Wednesday, January 31, 2018

Antebellum Album #1: Wandering Lover

Block # 1 Wandering Lover by Becky Brown

The first block in our 2018 series Antebellum Album features Indiana Fletcher whose family tells us much about cross border relationships North and South before the Civil War.

Unknown class and teacher

Throughout the year we'll explore women's academies and signature quilts in the 1840s and '50s. We'll look at school girls whose lives were interrupted by the American Civil War and examine album quilts. Each month I'll post a free pattern for a favorite signature block from those early friendship quilts.

Indiana Fletcher 1828-1900

Indiana Fletcher was a woman whose ties to North and South were tightened during her school years. Born in 1828, Indiana's unusual name celebrated her Uncle Calvin's new home on the western frontier. Calvin and Elijah Fletcher were Vermonters who refused to stay put. Seeking opportunity far from his parents' New England farm, Indiana's father Elijah wound up as a Yankee school teacher near Lynchburg, Virginia. He married well-to-do student Maria Antoinette Crawford and in short time became a Southerner--- a slave holder at his Sweet Briar plantation.

Indie and sister Betty benefited from their mother's family money and father's faith in education---"the best fortune we can give our children." Indiana traveled north to St. Mary's Hall in Burlington, New Jersey and the class of 1843.

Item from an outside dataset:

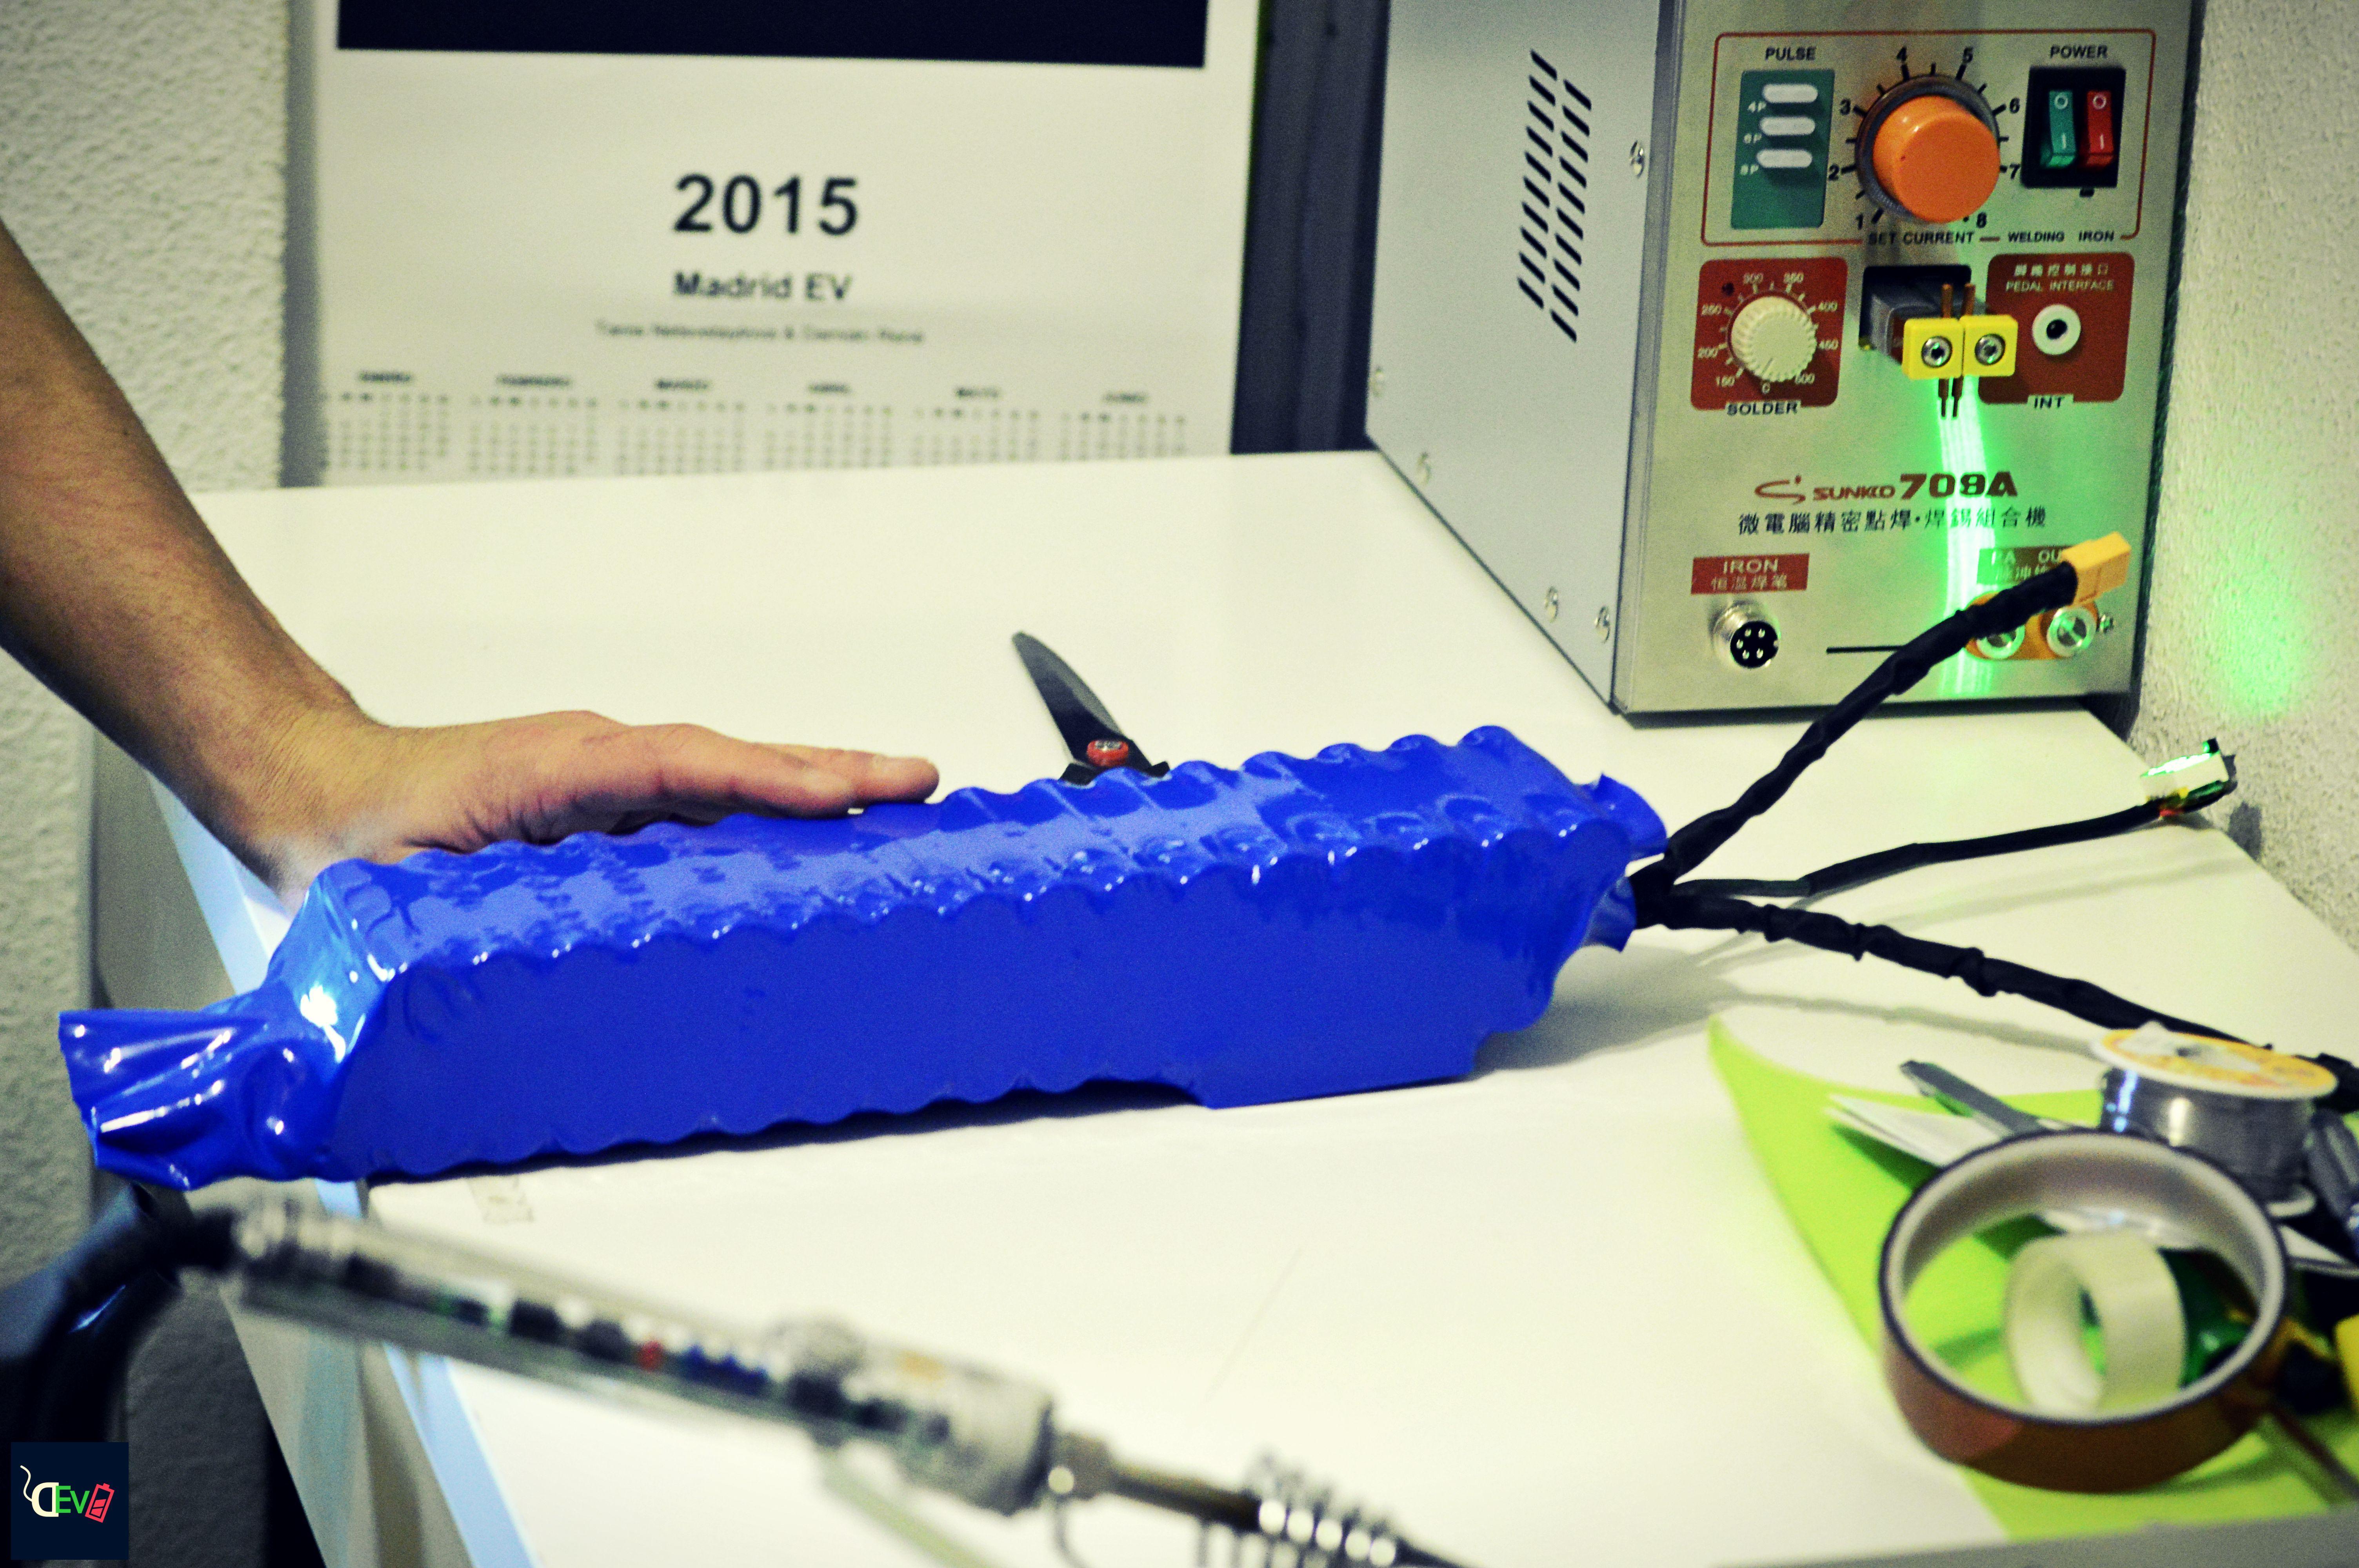 Shrink wrapping 60V 8 7Ah custom battery pack #ebike #battery
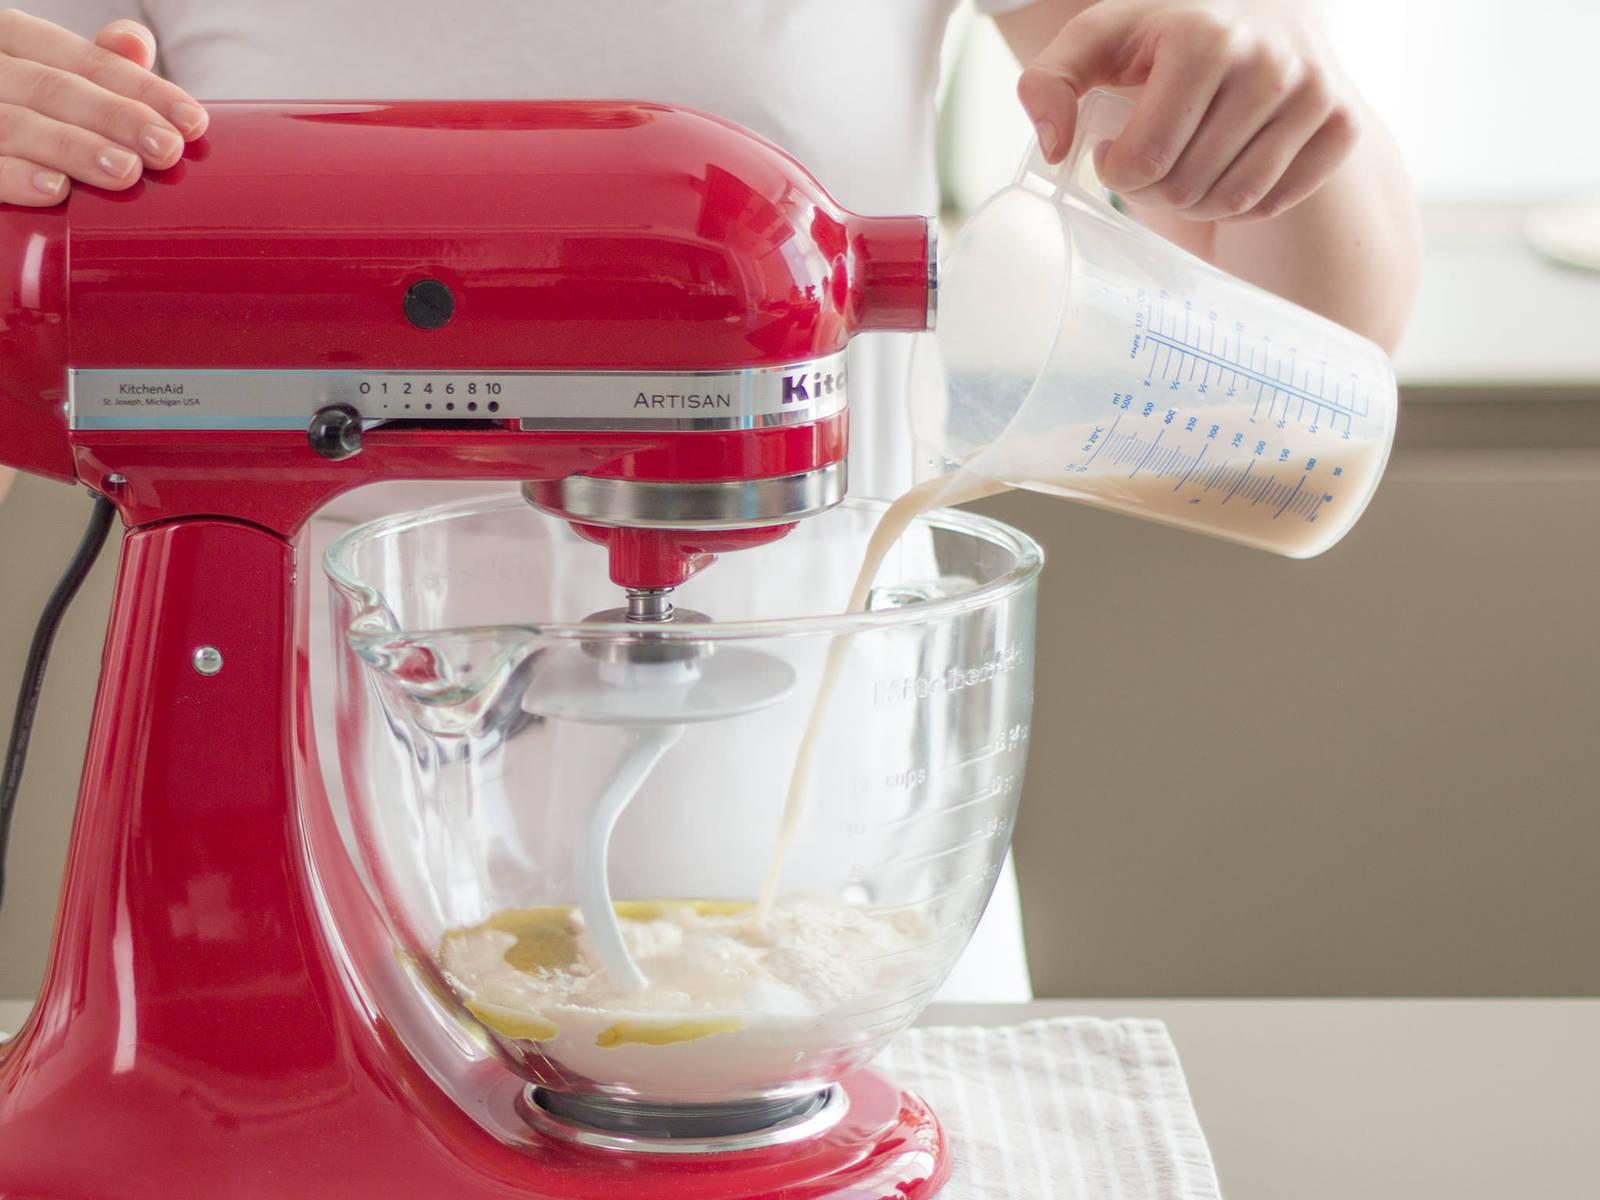 Hefe und Zucker in lauwarmem Wasser auflösen und ca. 15 – 20 Min. beiseitestellen, bis die Mischung schaumig ist. Mehl in Küchenmaschine sieben. Hefe und Zucker ebenfalls dazugeben.

Indie attended school across the Mason-Dixon line, 
which runs between Maryland and Pennsylvania
southwest of Burlington New Jersey, the star at the top.
Sweet Briar is the lower star.

The Episcopal school overlooking the Delaware River was five years old.  St Mary's was later named Doane Academy after founder George Washington Doane, who believed girls' curricula should be the same as boys'. He and wife Eliza built Riverside, an Italianate mansion next to the school, with Eliza's money from her first husband. Eliza also used that inheritance to support the school in the early years while it became established as a women's academy with a national reputation.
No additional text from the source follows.